Tag Rules for LLM Evaluators¶

Running an evaluation against hundreds of messages produces a results table too large to read row by row. Tag Rules solve this by automatically tagging the sessions or messages that meet a condition you define.

For example, you could flag every session with negative sentiment, or every response that scored below a threshold — so your team can jump straight to the conversations that need attention instead of reviewing everything.

Tag Rules are available only on LLM evaluators. They run automatically on every non-preview evaluation run; preview runs do not trigger tag application.

How tags are applied¶

The target of the tag depends on the evaluator's mode:

Message mode: the tag is applied to the specific chat message being evaluated.
Session mode: the tag is applied to the session's chat.

Each tag application is recorded in an audit log and displayed in the Applied Tags column on the run results page.

Tag reconciliation on rerun¶

The philosophy behind tag rules is simple: a message or session either meets the criteria for a tag, or it does not. To keep tag state consistent with the latest evaluation results, rerunning an evaluation reconciles the tags managed by its evaluators' tag rules:

For each message or session in the rerun's scope, any tag named by an evaluator's tag rules that was not applied by the latest run is removed from that message or session.
Reconciliation removes a tag regardless of who applied it. If a human had previously added a tag that is also managed by a tag rule, and the new evaluator output does not satisfy that rule, the human-applied tag is removed.
FULL runs (which score the entire dataset) reconcile every row. DELTA runs (which score only newly added rows, triggered automatically by auto-population) reconcile only the rows in their scope.
PREVIEW runs neither apply nor remove tags.

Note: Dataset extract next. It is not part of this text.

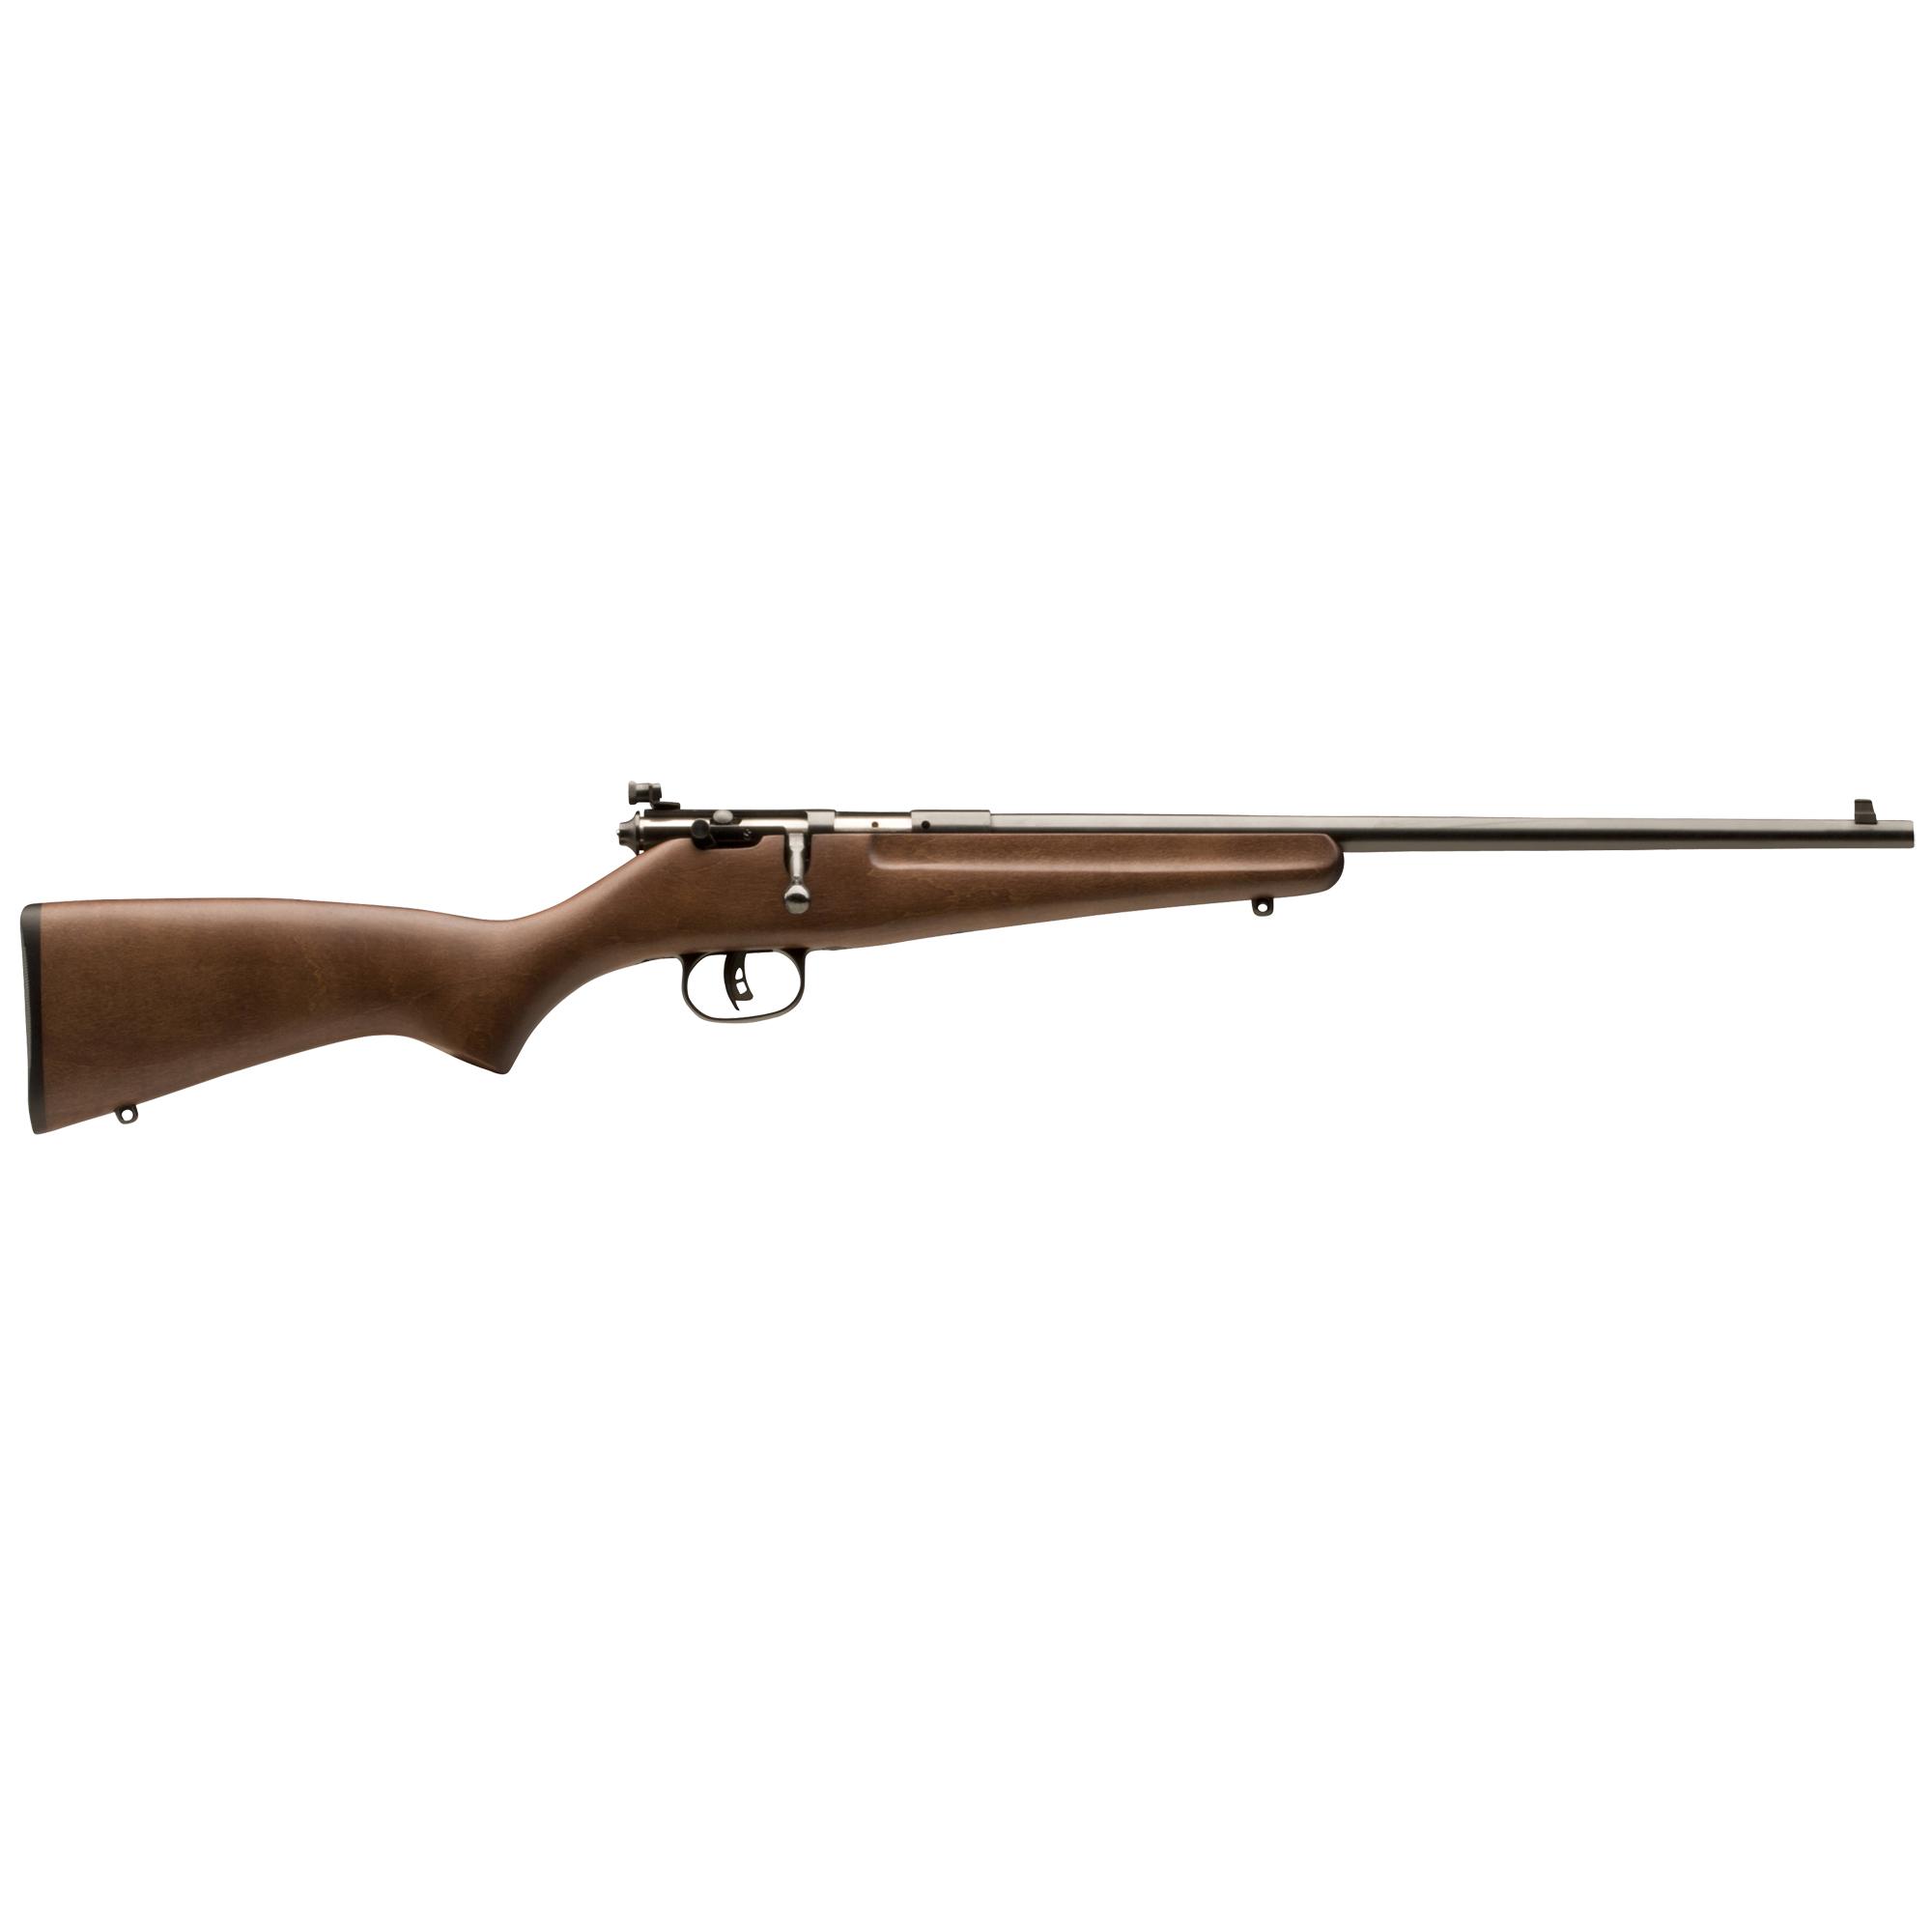 Savage Rascal Rimfire Rifle, .22 LR, Hardwood

Tags whose names are not referenced by any tag rule on the run's evaluators are never touched by reconciliation.

Defining a rule¶

Each rule has three parts:

Field	Description
Output field	The output schema field whose value is tested
Tag name	The tag to apply when the condition is met
Condition	The value or range that triggers the tag

The condition options vary by the type of the output field:

Output field type	Condition behavior
choices (enum)	Apply the tag when the field equals one of the defined choice values (e.g. `sentiment == "negative"`)
integer / float	Apply the tag when the field equals a specific value, or falls within a `min..max` range
string	Apply the tag when the field equals a specific value

Example¶

Using the example output schema from the Evaluators page, you could define the following rules:

Output field	Tag name	Condition
user_sentiment	negative-sentiment	equals `negative`
expected_helpfulness	low-helpfulness	range `1..2`
confidence_score	low-confidence	range `0.0..0.4`

With these rules, any evaluation run will automatically tag messages or sessions that meet the conditions, without requiring manual review of every row.